Over the past 20 years, the number of passengers traveling on British train networks has almost doubled to 1.7 billion annually. With numbers like that it's clear how much people rely on rail service in Great Britain, and how many disgruntled patrons there would be when delays occur.

A recent study used real British Railway data and an artificial intelligence model to improve the ability to predict delays in railway networks.

"We wanted to explore this problem using our experience with graph neural networks," said Huy Tran, an aerospace engineering faculty member at the University of Illinois Urbana-Champaign. "These are a specific class of artificial intelligence models that focus on data modeled as a graph, where a set of nodes are connected by edges."

"This was a collaboration with Simon Hu, an expert on railway networks, from the Zhejiang University-University of Illinois Urbana-Champaign Institute," Tran said. "We worked together to develop a new way to represent a rail network and apply it to real-world data to predict delays."

They applied the Spatial-Temporal Graph Convolutional Network model to predict delays within a portion of the British rail network where Didcot Parkway and Long Paddington serve as gateway stations.

"Compared with other statistical models, this one outperforms them for forecasting delays up to 60 minutes in the future," Tran said.

He added that others have developed similar models for social networks, but he wanted to apply it to an engineering problem.

"One challenge was that this data only captures the full trip of a train from start to finish.
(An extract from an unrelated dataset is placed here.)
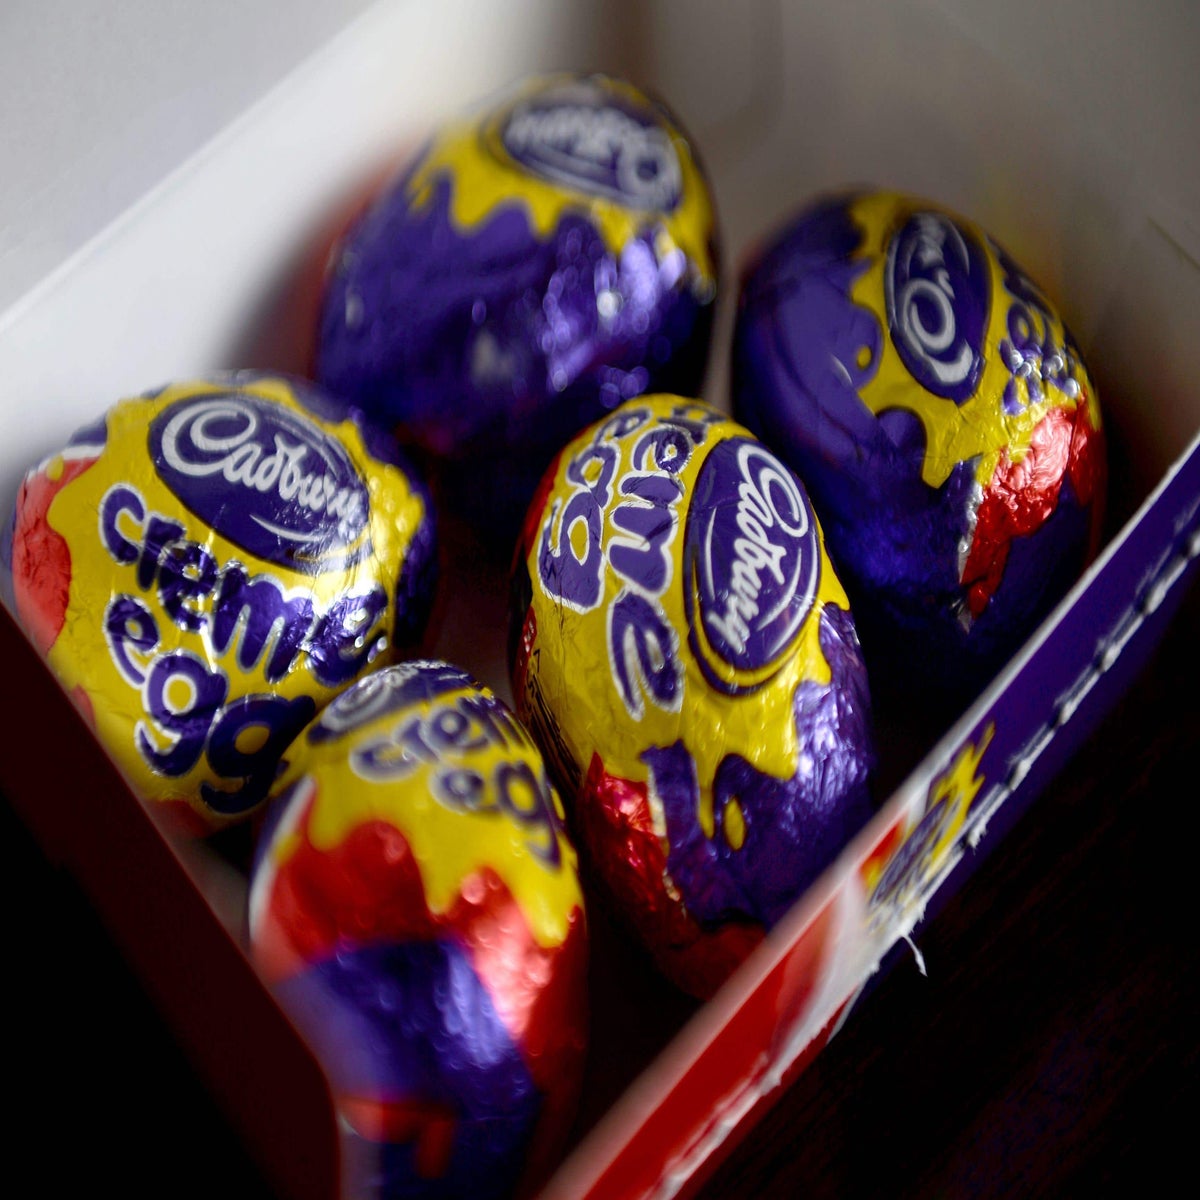 Man charged with theft after trailer-load of 200,000 Creme Eggs stolen ...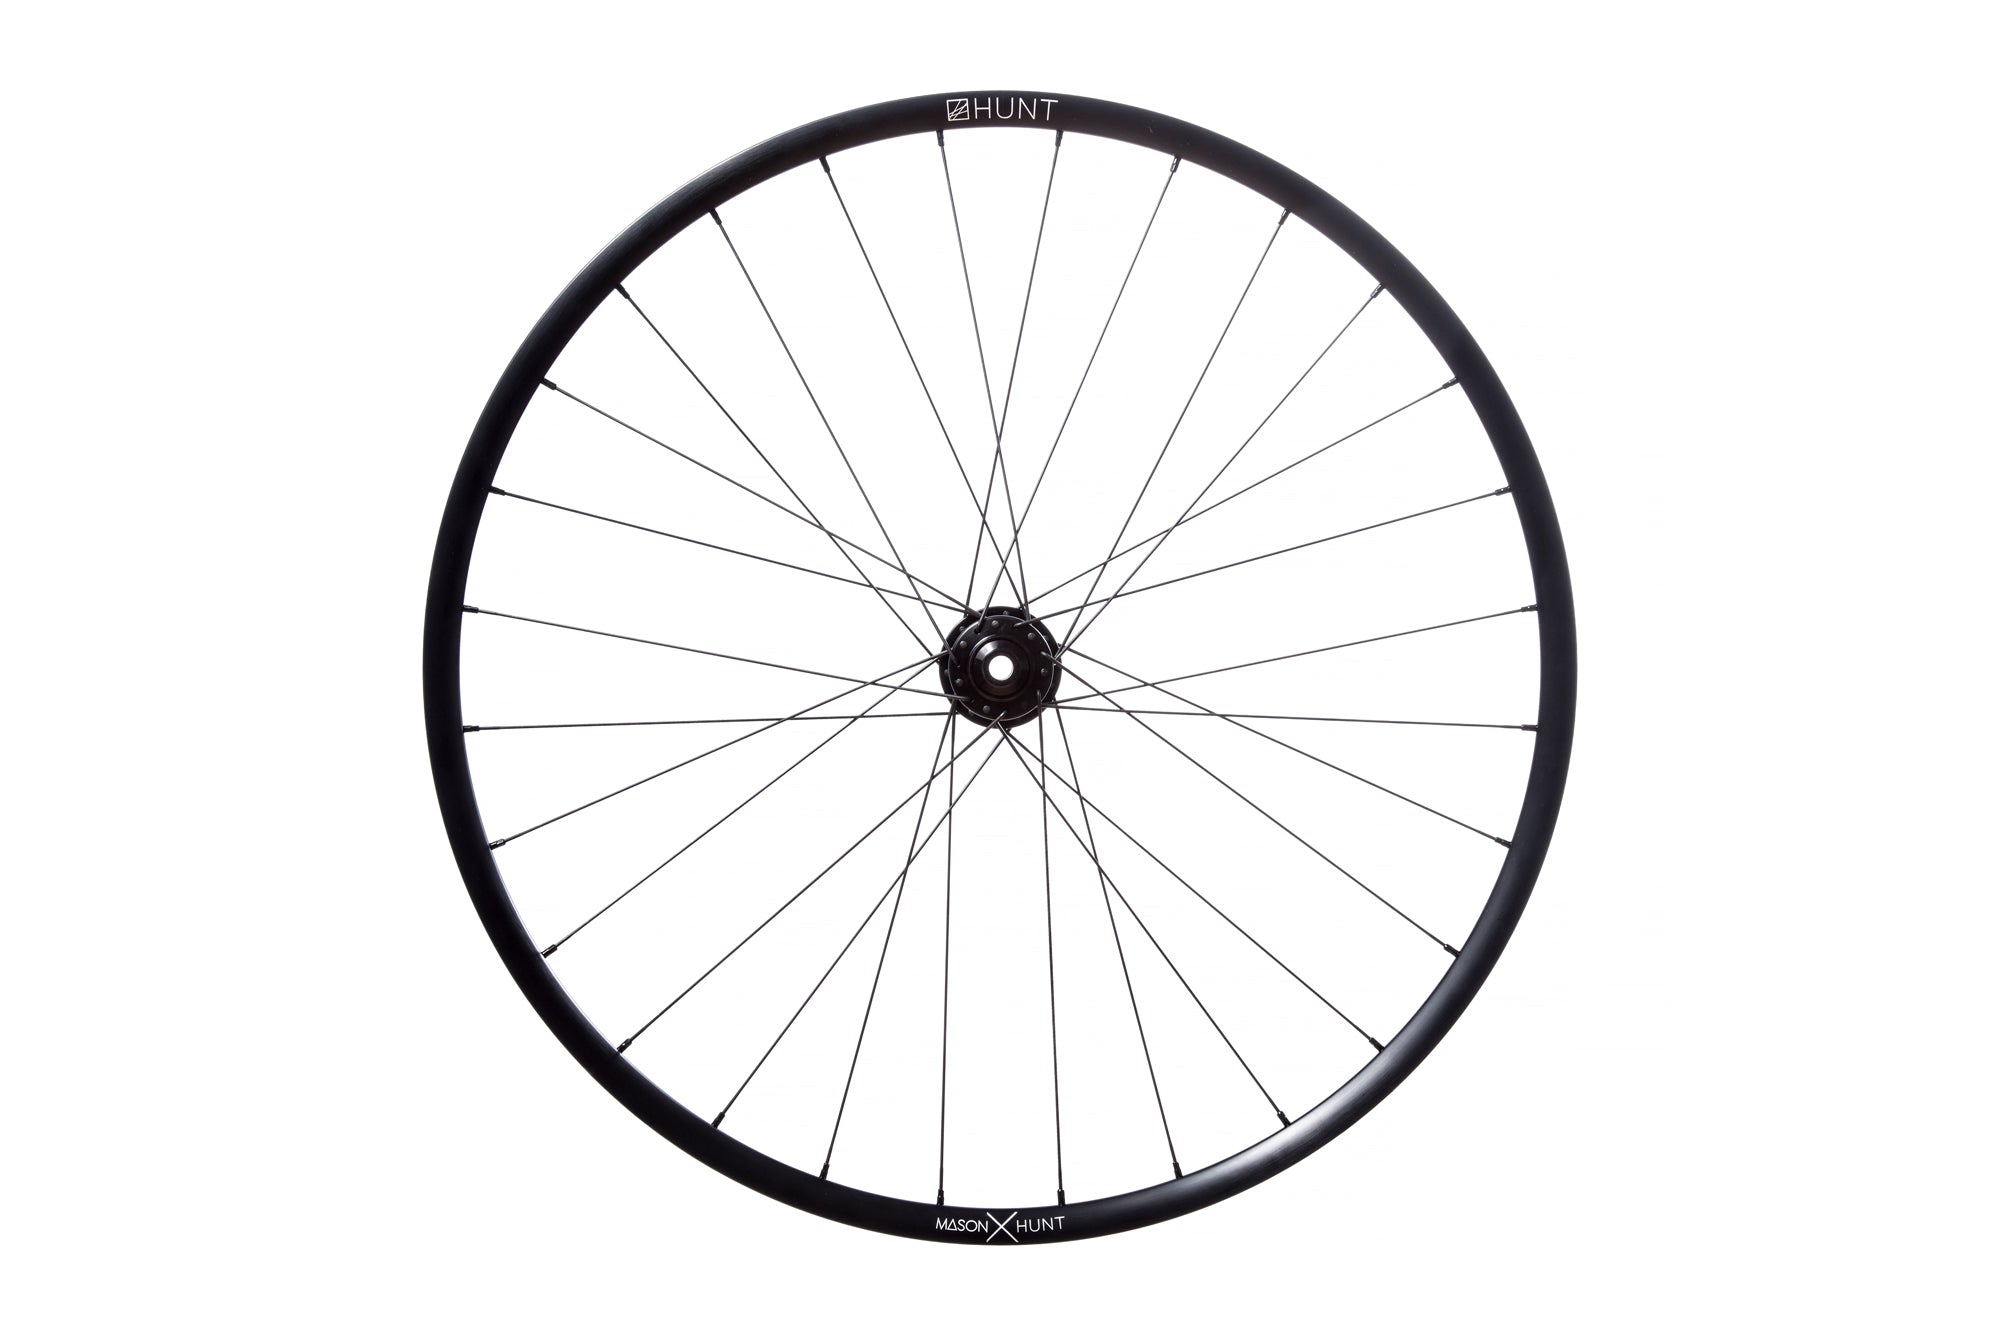 <h1>Rims</h1><i>Strong and light 6066-T6 (+34% tensile strength vs 6061-T6) heat-treated rim features an asymmetric shape which is inverted from front to rear to provide balanced higher spoke tensions meaning your spokes stay tight for longer. The profile is disc-specific, allowing higher-strength to weight as no reinforcement is required for a braking surface. The extra wide rim at 29mm (25mm int) creates a great tyre profile with wider 35c+ tyres, giving excellent grip and lower rolling resistance.</i>

It doesn't tell us where it was delayed along the way," he said. "The new formulation we developed was a way to approximate in which leg of the trip the delay occurred. From this research, we learned that using our formulation with this class of AI models can work well with real-world networks to predict behaviors."

Tran said they are addressing some limitations, however.

"A lot of times with AI models, we don't really understand why the model says what it does. We just try to predict what the delay will be, but we don't have any insight into why it was delayed, or where," Tran said. "So, one of the things we're interested in is getting more explainability into these models, so we can better understand why it's making the suggestion or predictions that it does.